Bug 25742

Summary: context_connect blocks for a few (4--10) seconds when no pulseaudio process running
Product: libcanberra Reporter: jez <jezaustin>
Component: UnspecifiedAssignee: Lennart Poettering <lennart>
Status: RESOLVED FIXED QA Contact:
Severity: normal    
Priority: medium CC: bugs.freedesktop, jezaustin
Version: unspecified   
Hardware: x86-64 (AMD64)   
OS: Linux (All)   
Whiteboard:
i915 platform: i915 features:

Description jez 2009-12-21 06:19:52 UTC
context_connect blocks when no pulseaudio process running when it calls to pa_context_connect.

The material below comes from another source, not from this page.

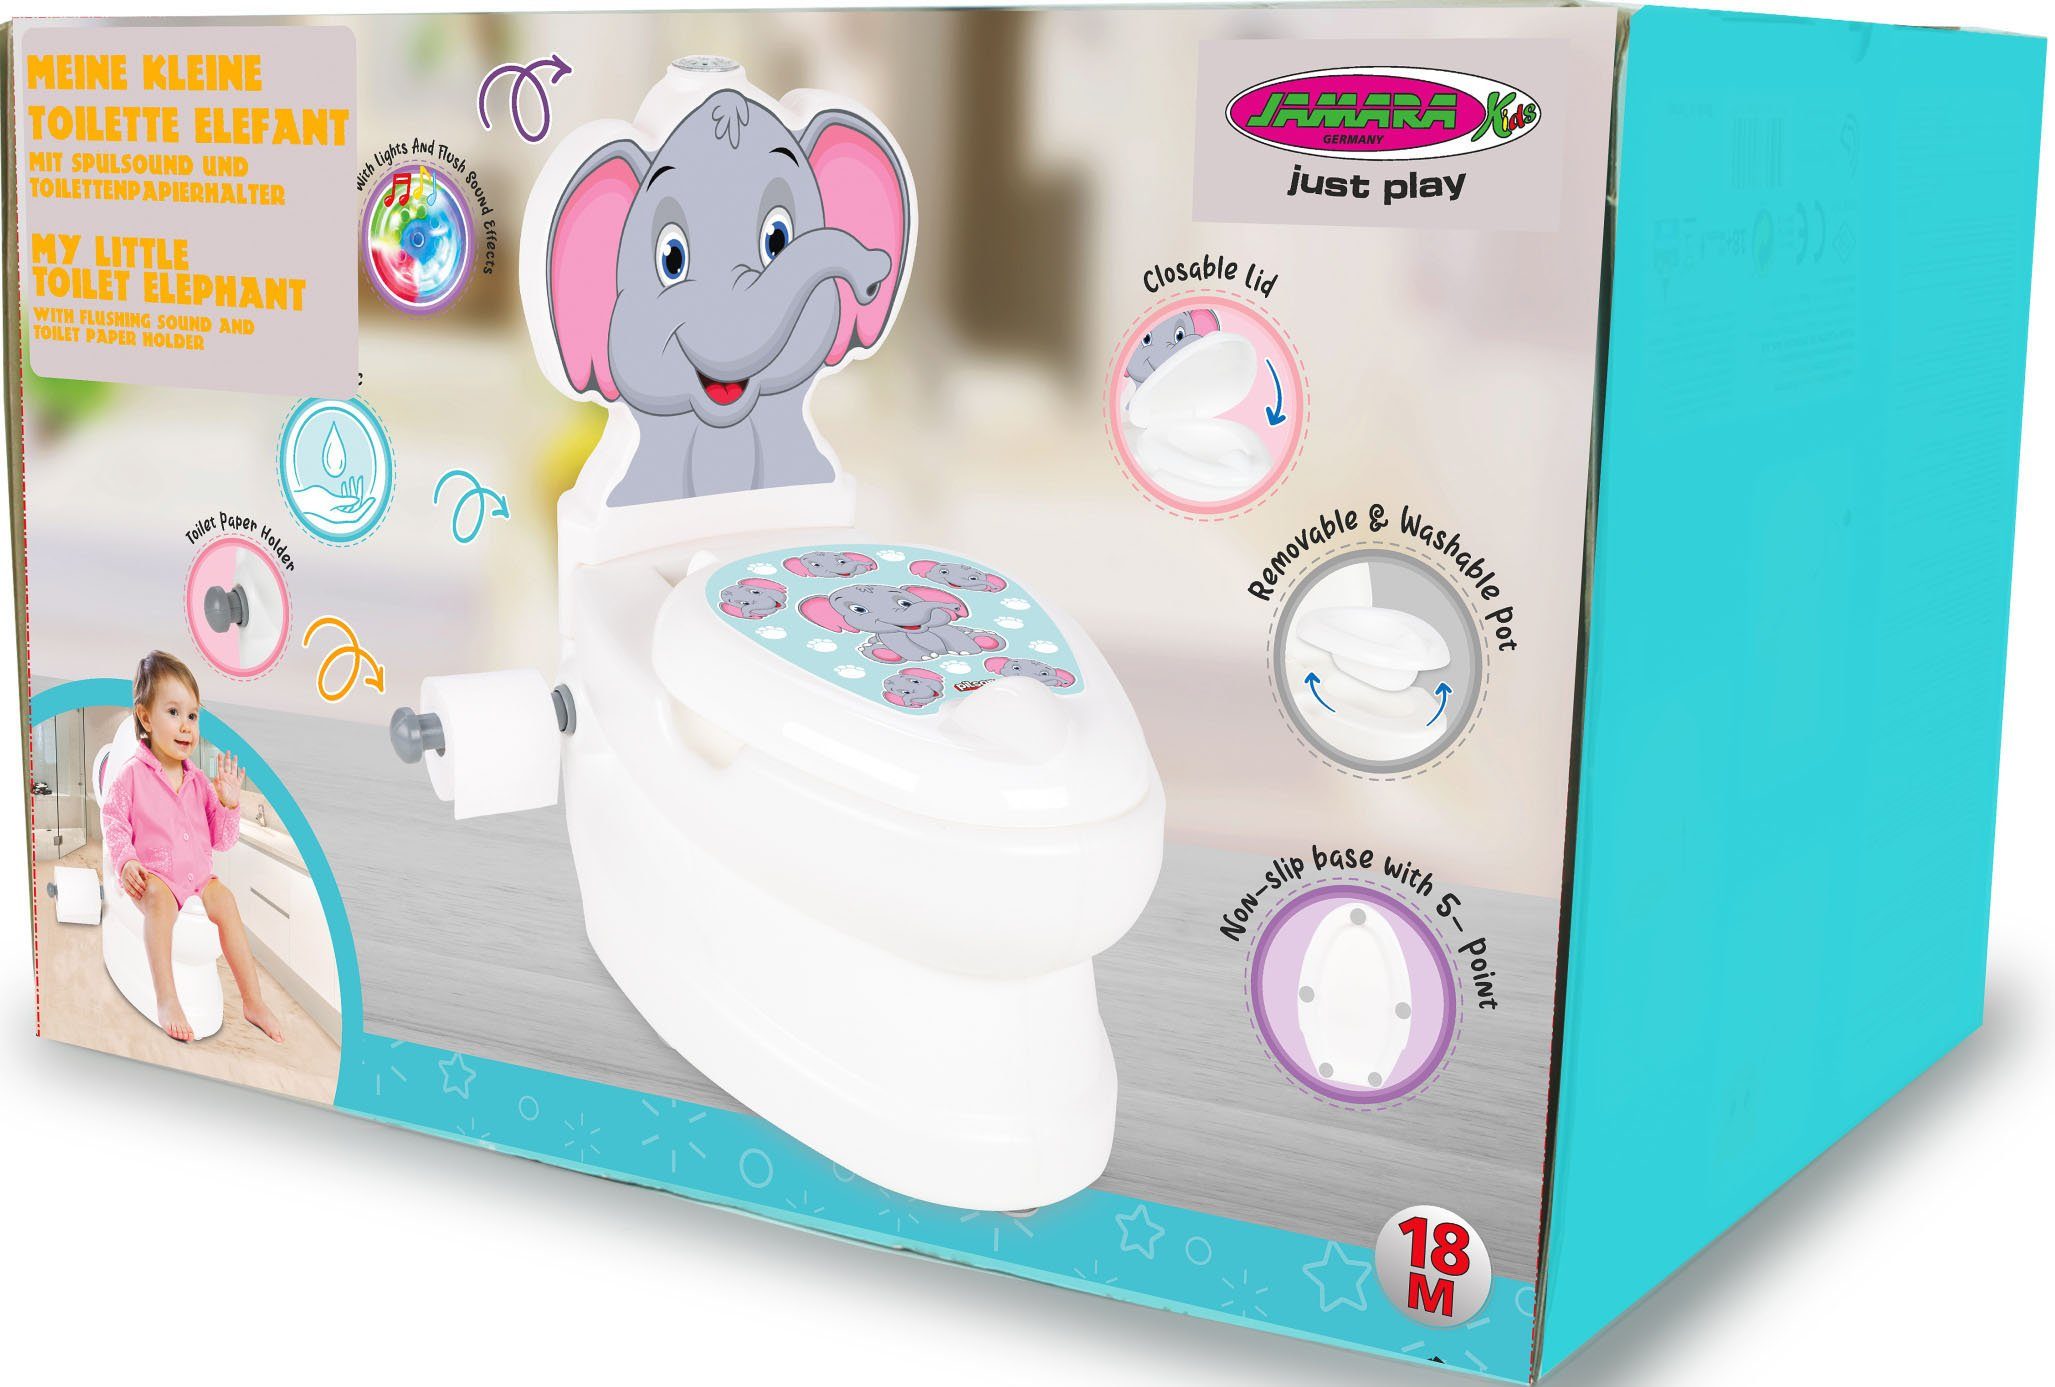 mit Toilette, kleine Meine Spülsound Toilettentrainer Toilettenpapierhalter Jamara und Elefant,

See mozilla/firefox bugs https://bugzilla.mozilla.org/show_bug.cgi?id=533470 and 
https://bugzilla.mozilla.org/show_bug.cgi?id=520417

Is this related? https://bugs.freedesktop.org/show_bug.cgi?id=15862

Is it possible to avoid blocking so long in the case where there is no pulseaudio process?
Comment 1 Lennart Poettering 2009-12-21 11:04:33 UTC
Uh, I don't think things are as they might appear.

First of all, most distros configure PA to autospawn if it is not running anyway. That means the whole problem description is not consistent.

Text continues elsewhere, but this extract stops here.